Let $f:[a,b]\to \mathbb R$ absolute continuous, i.e. there is $g\in L^1(a,b)$ s.t. $$f(x)-f(y)=\int_x^y g.$$
Why such function has bounded variation on $[a,b]$ ?
In my solution they say that it's a consequence of the fact that $$\forall \varepsilon >0, \exists \delta >0: \forall E\text{ measurable s.t. }m(E)<\delta \implies \int_E f<\varepsilon .\tag{(*)}$$
But I don't really understand in what is useful. Don't we have the following fact : Let $\pi: a=t_0<t_1<...<t_n=b$ a subdivision.

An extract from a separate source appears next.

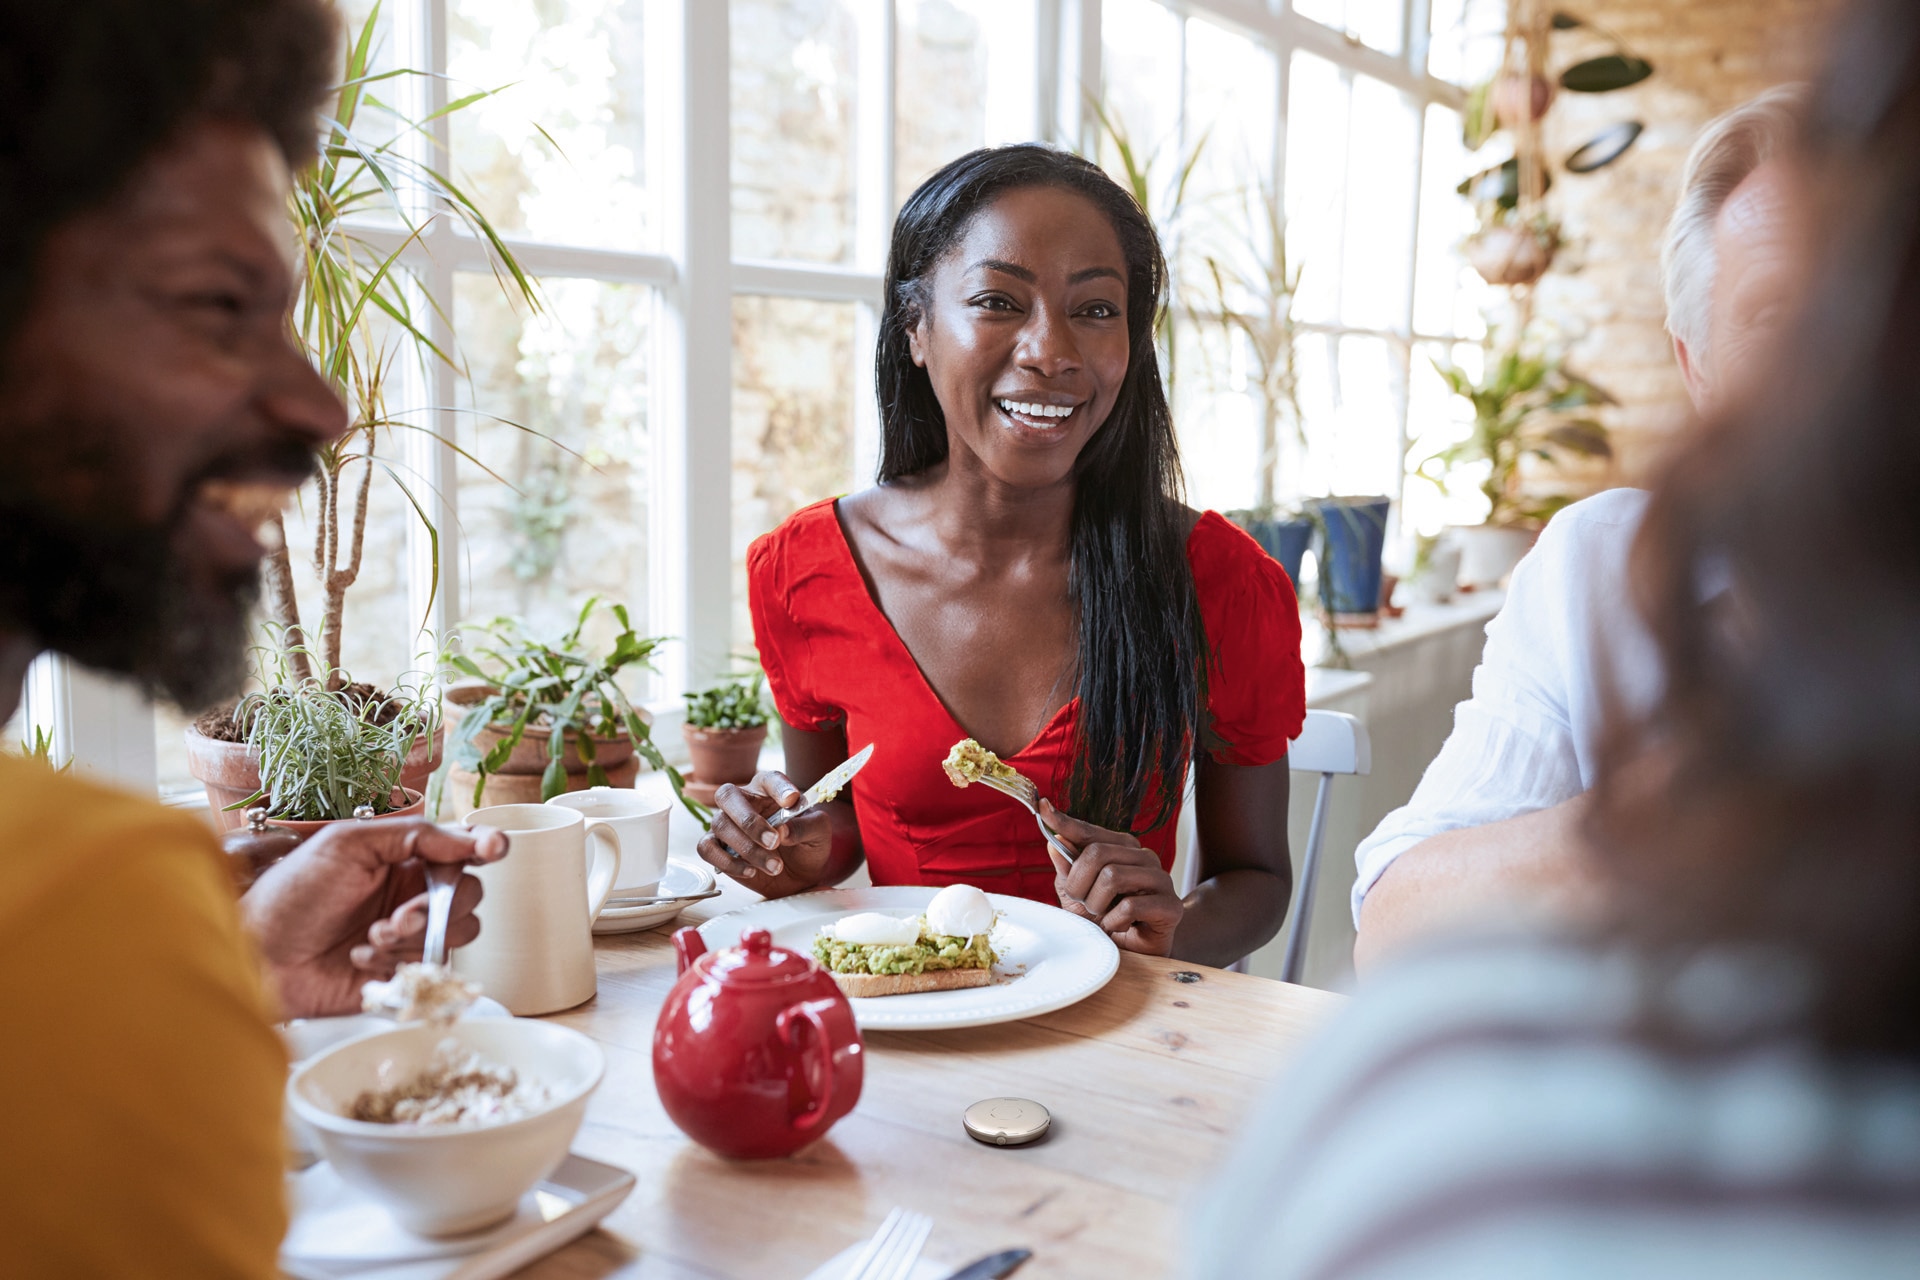 Mujer joven y en forma comiendo algo sano mientras mantiene una alegre conversación con otras personas alrededor de una mesa. Tiene un Roger Select frente a ella.

$$\sum_{i=0}^{n-1}|f(t_{i+1})-f(t_i)|\leq \sum_{i=0}^{n-1}\int_{t_{i}}^{t_{i+1}}|g|=\int_a^b |g|,$$
Therefore, $$\sup_{\{a=t_0<...<t_n=b\} \in \Pi(a,b)}\sum_{i=0}^{n-1}|f(t_{i+1})-f(t_i)|\leq \int_a^b|g|<\infty ,$$
and thus has bounded variation. Isn't it correct ? If yes, in what $(*)$ is relevant ?